그리고 마지막에 새로운 연구 아이디어를 촉진하기 위해 미해결 문제에 대해 논의하고 Video action recognition의 기회를 조명합니다.

1. Introduction

video를 이해하는 task 중에 가장 중요한 것은 인간의 행동을 이해하는 것입니다.

behavior analysis나 video retrieval, human-robot interaction, gaming 이나 entertainment, 자율주행 자동차 등 다양한 곳에 사용이 될 수 있습니다. 비디오에서 인간의 행동을 인식하는 작업을 video action recognition이라고 합니다.

위 그림은 악수하고 자전거를 타는 것과 같은 일반적인 인간의 일상 활동인 관련 액션 라벨과 함께 여러 비디오 프레임을 시각화한 그림입니다.

인기있는 action recognition에 대한 것도 요약을 한 그림이 있는데 밑에 있는 fiagure 2입니다.

대규모 데이터셋의 가용성과 딥러닝의 빠른 발전 덕분에 비디오 동작을 인식하는 딥러닝 기반 모델도 빠르게 성장하고 있습니다.

최근 representative work를 연대순으로 보여주는 그림입니다.

DeepVideo가 video에 CNN을 적용해서 시도를 처음으로한 모델입니다. 여기서 3가지의 trend가 나오는데

1번째 trend는 Two-Stream Network, optical flow stream에서 CNN을 train시켜서 video에 대한 temporal한 information을 학습하는 두번째 path를 추가해주는 것입니다. 이러한 개념이 뒤에 TDD, LRCN, Fusion, TSN과 같은 것들에 영감을 준 아이디어입니다.

2번째 trend는 3D convolutional kernel을 사용해서 video에 temporal information을 모델링 하는 것입니다. I3D, R3D, S3D, non-locl, slowFast 같은 것들입니다.

마지막으로 3번째 trend는 실제 애플리케이션에 채택될 수 있도록 더 큰 데이터 세트로 확장하기 위한 계산 효율성에 초점을 맞췄다. Hidden TSN, TSM, X3D, TVN 같은 모델들입니다.

이 논문에서는

video action recognition을 위해 deep learning 200개의 paper을 리뷰합니다. 연도별로 설명하고 인기있는 paper는 좀 자세히 설명합니다.
정확성이랑 효율성 관점에서 같은 dataset에 널리 채택된 method를 benchmark합니다.
향후 연구를 촉진하기 위해 이 분야의 과제, 미해결 문제 및 기회에 대해 자세히 설명합니다

2. Datasets and Challenges

2.1. Datasets

video action recognition 케이스에서는 모델을 효과적으로 학습하기 위해 large-scale한 annotated datasets이 필요합니다. video action recognition task에서 dataset은 다음과 같은 process로 종종 built됩니다.

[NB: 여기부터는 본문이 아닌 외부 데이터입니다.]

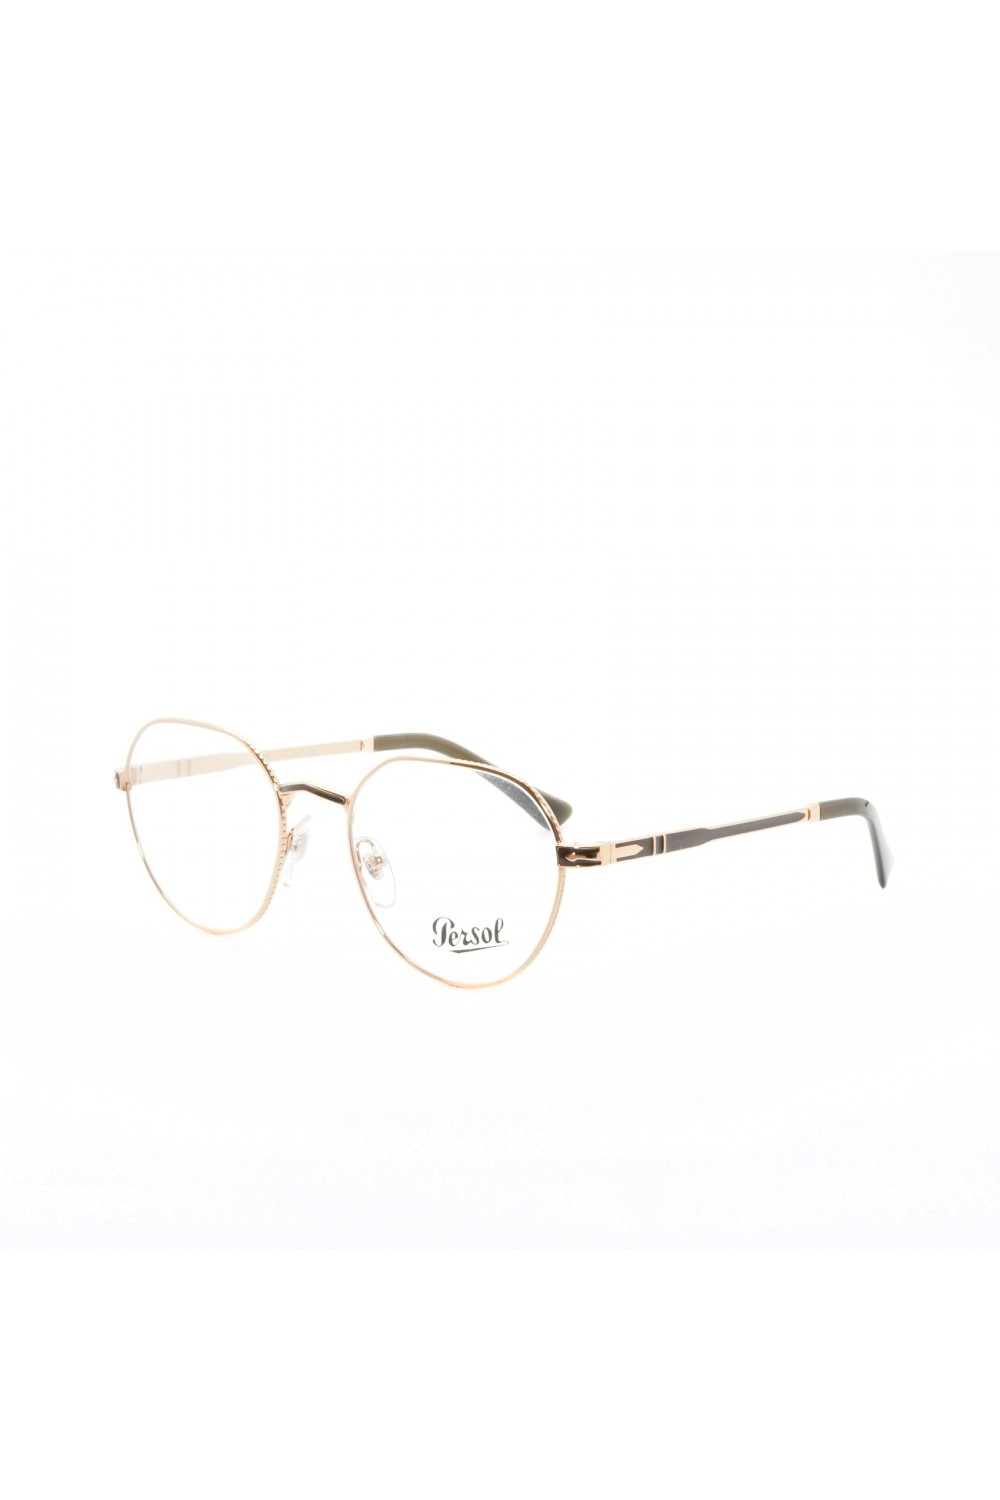 Persol - Occhiali da vista in metallo tondi unisex oro rosa - 2486 1112

Define an action list, by combining labels from previous action recognition datasets and adding new categories depending on the use case
Obtain videos from various sources, such as YouTube and movies, by matching the video title/subtitle to the action list
Provide temporal annotations manually to indicate the start and end position of the action
clean up the dataset by de-duplication and filtering out noisy classes/samples

video action recognition에 사용되는 인기 있는 dataset list입니다.

2.2. Challenges

효과적으로 video action recognition 알고리즘을 개발하기 위해 주요 challenge가 있습니다.

dataset 관점으로 보면

first, defining the label space for training action recognition models is non-trivial.

왜냐하면 human action은 복잡한 개념이고 계층적으로 잘 정의가 되어있지 않은 개념이기 때문입니다.

Second, annotating videos for action recognition are laborious and ambiguous

주석을 다는 건 모든 video frame을 다 봐야하니까 어렵죠, 동작의 정확한 시작과 끝도 모호합니다.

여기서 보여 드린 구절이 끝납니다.